● **Task to carry out**:
When you transcribe the lines below, keep every word the same and leave the pictures behind.

● **Source data**:
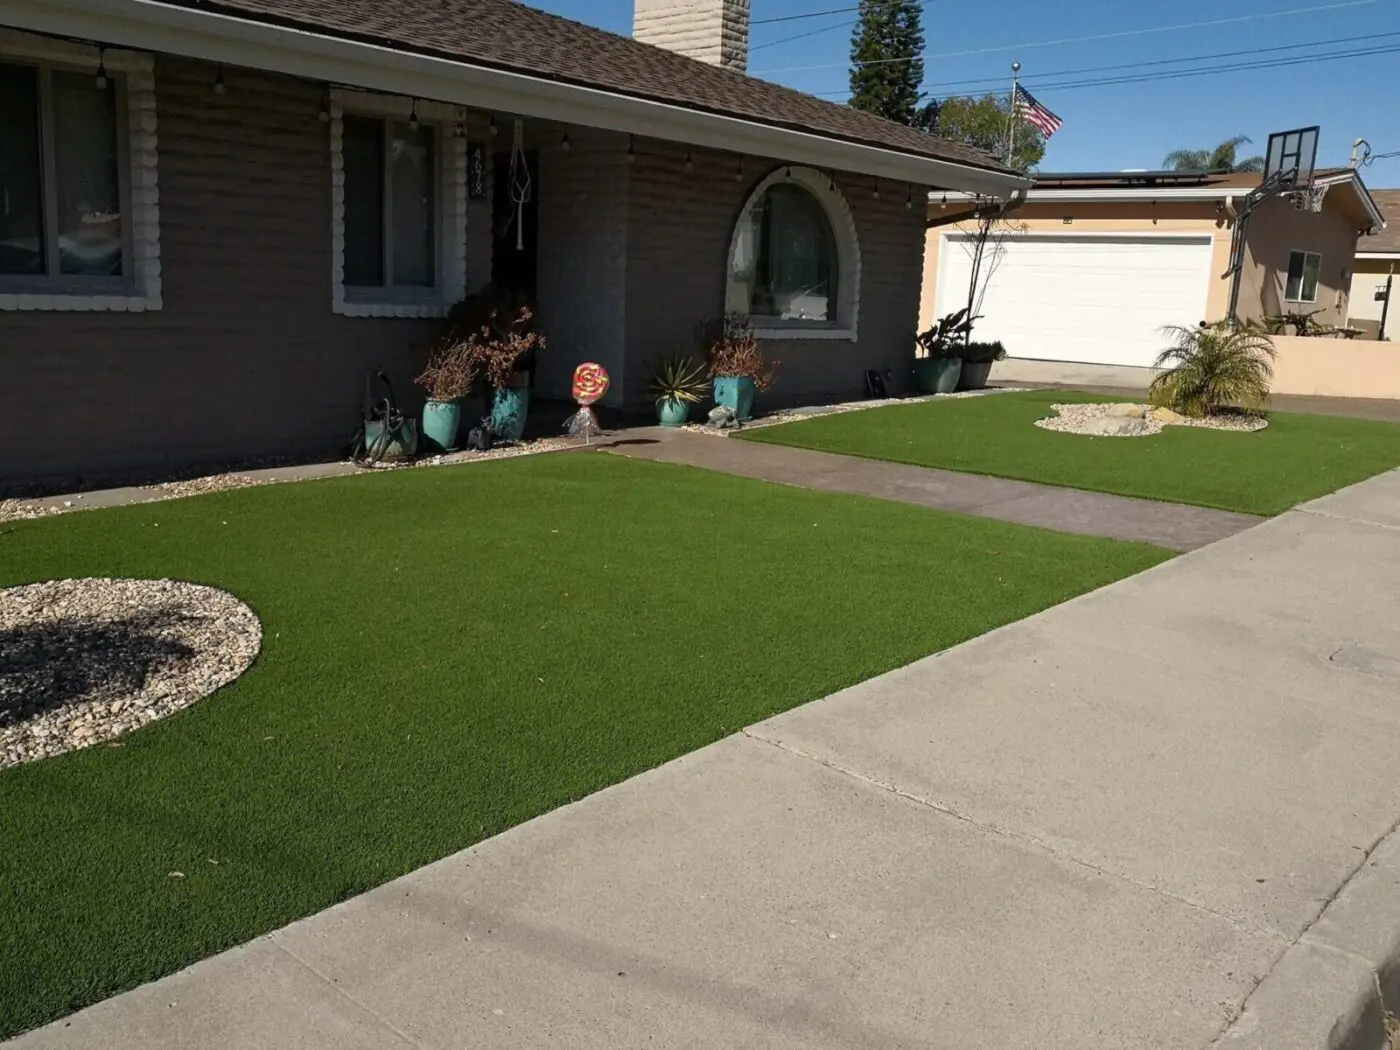 A neatly maintained front yard of a single-story house features artificial grass replacing the lawn, decorated with potted plants near the windows and entrance. A driveway with turf and pavers leads to a white garage door, and an American flag is visible in the background.
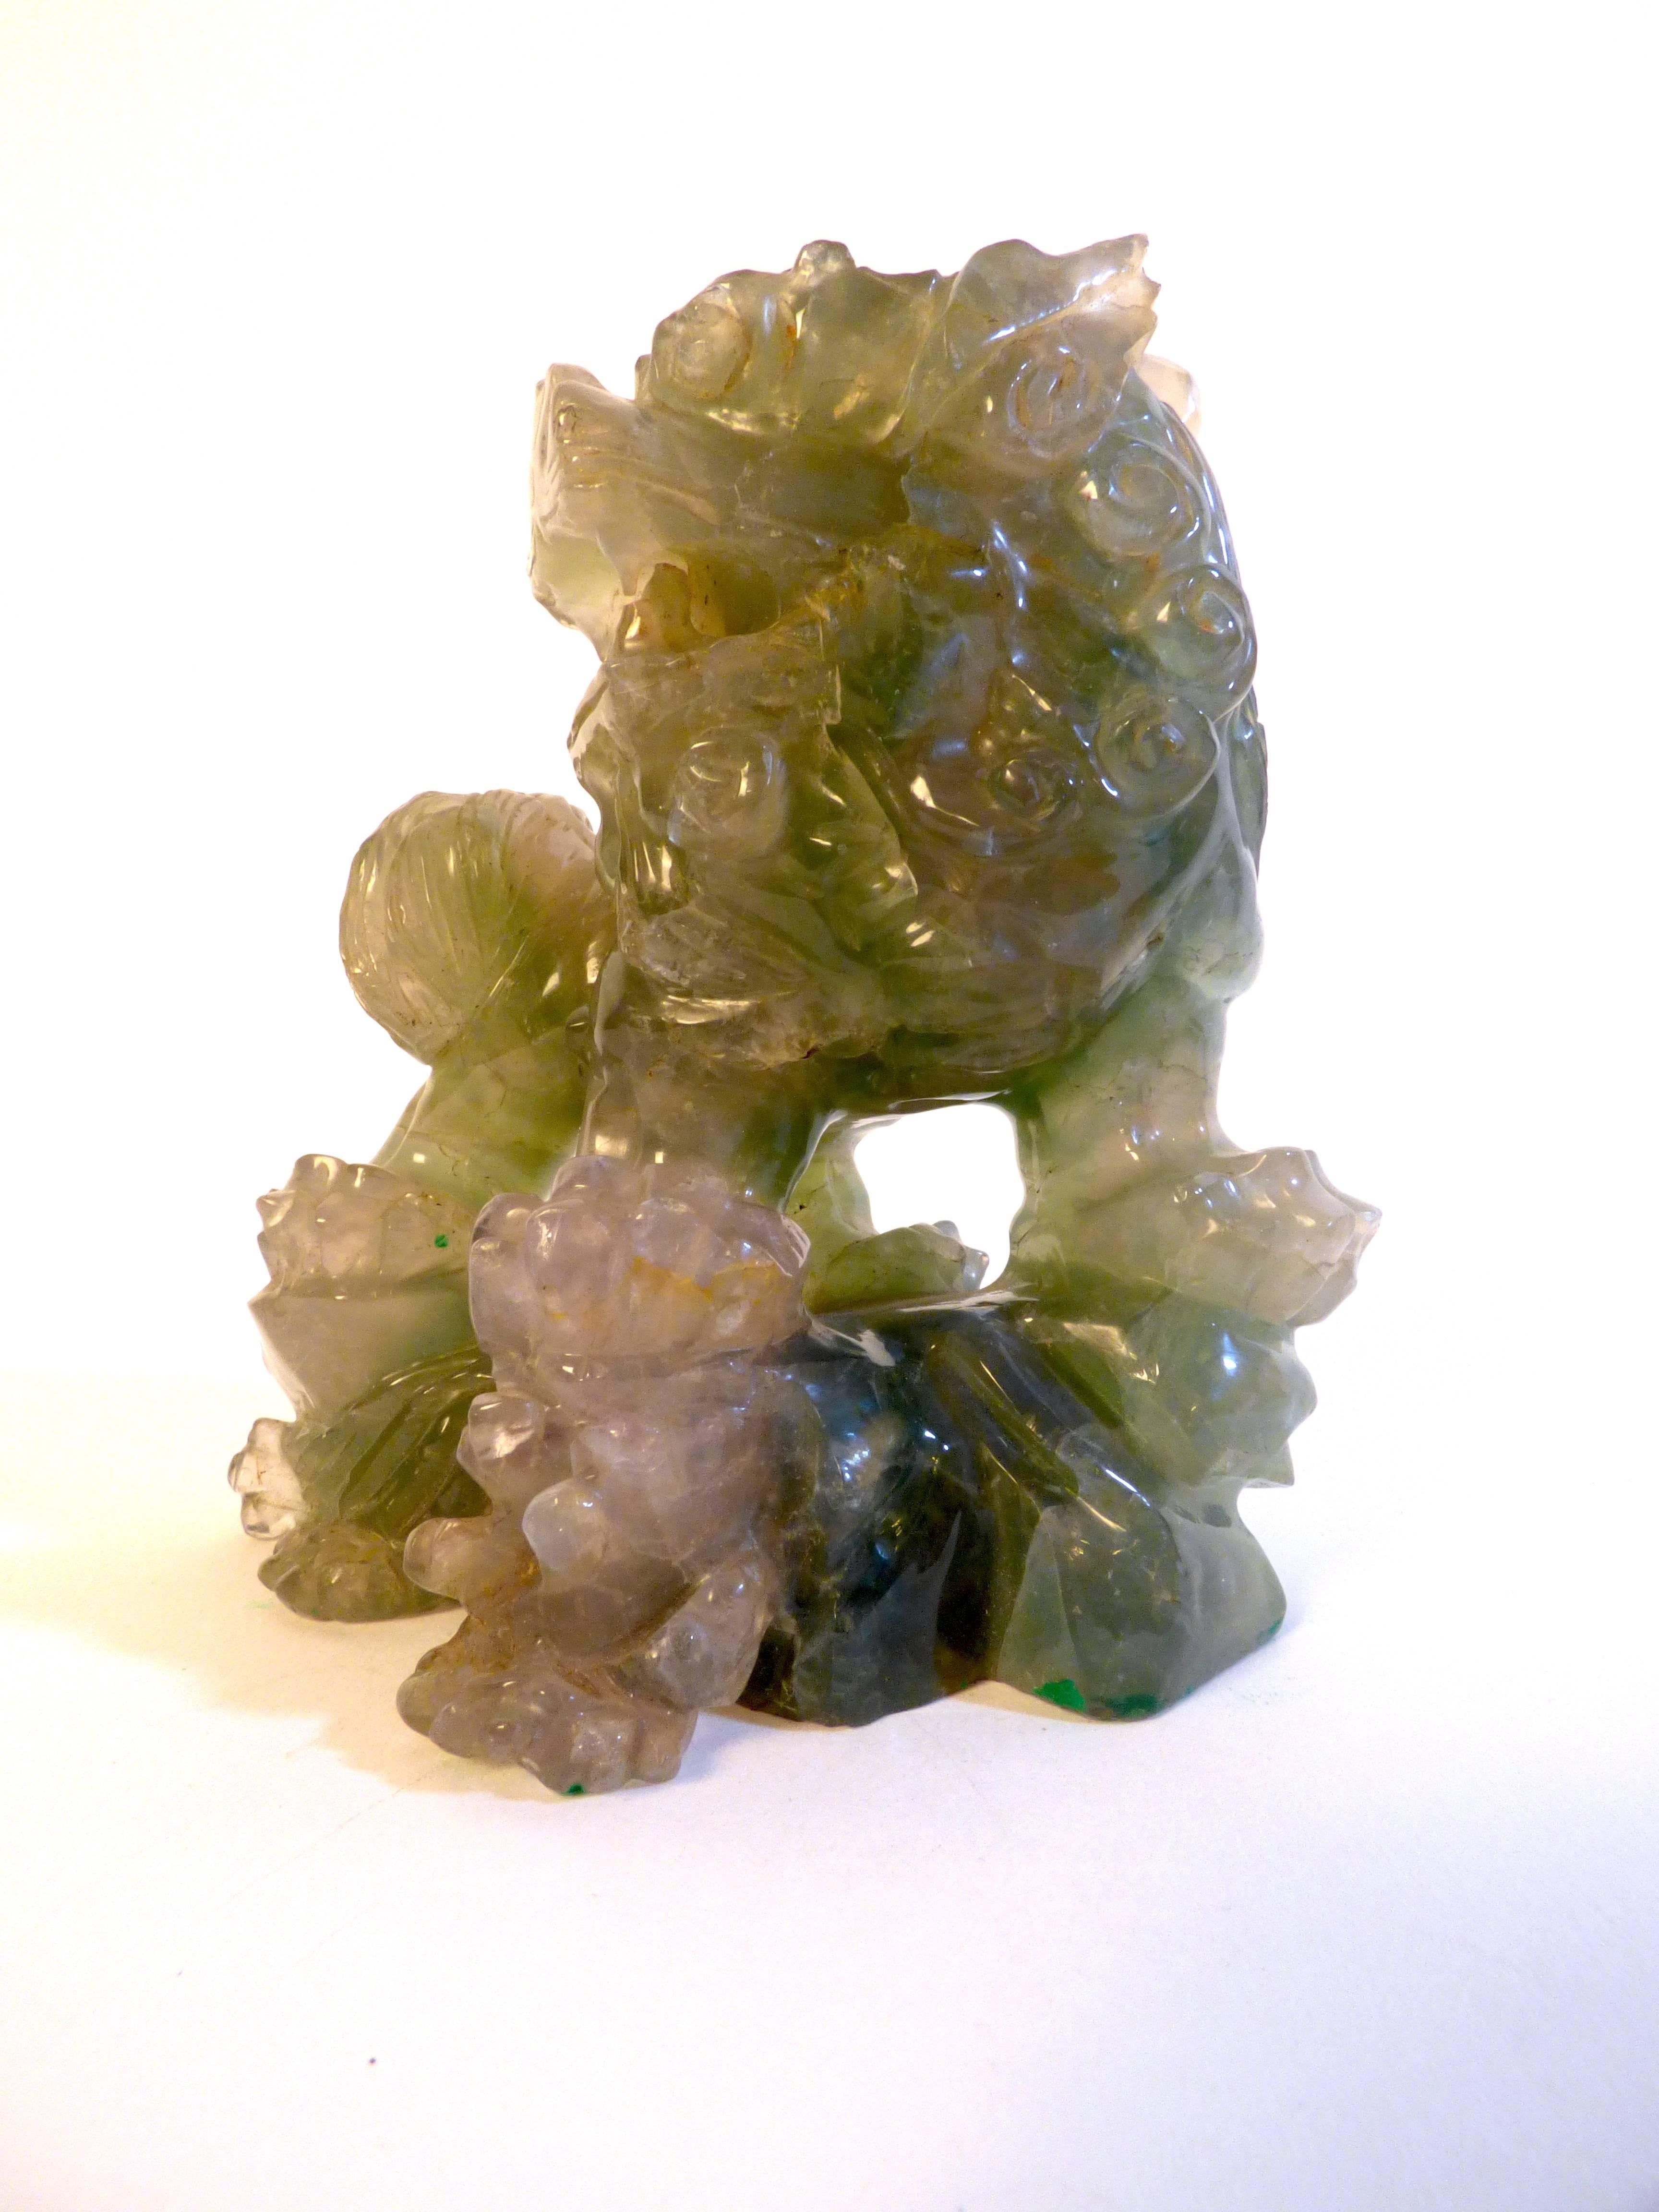 A beautiful sculpture in stone of Fluorite produced in China. Fluorite is a mineral composed of calcium fluoride. Fluorite stimulates creativity and imagination
Italian private collection.

● **Result for this task**:
 A neatly maintained front yard of a single-story house features artificial grass replacing the lawn, decorated with potted plants near the windows and entrance. A driveway with turf and pavers leads to a white garage door, and an American flag is visible in the background.
 A beautiful sculpture in stone of Fluorite produced in China. Fluorite is a mineral composed of calcium fluoride. Fluorite stimulates creativity and imagination
Italian private collection.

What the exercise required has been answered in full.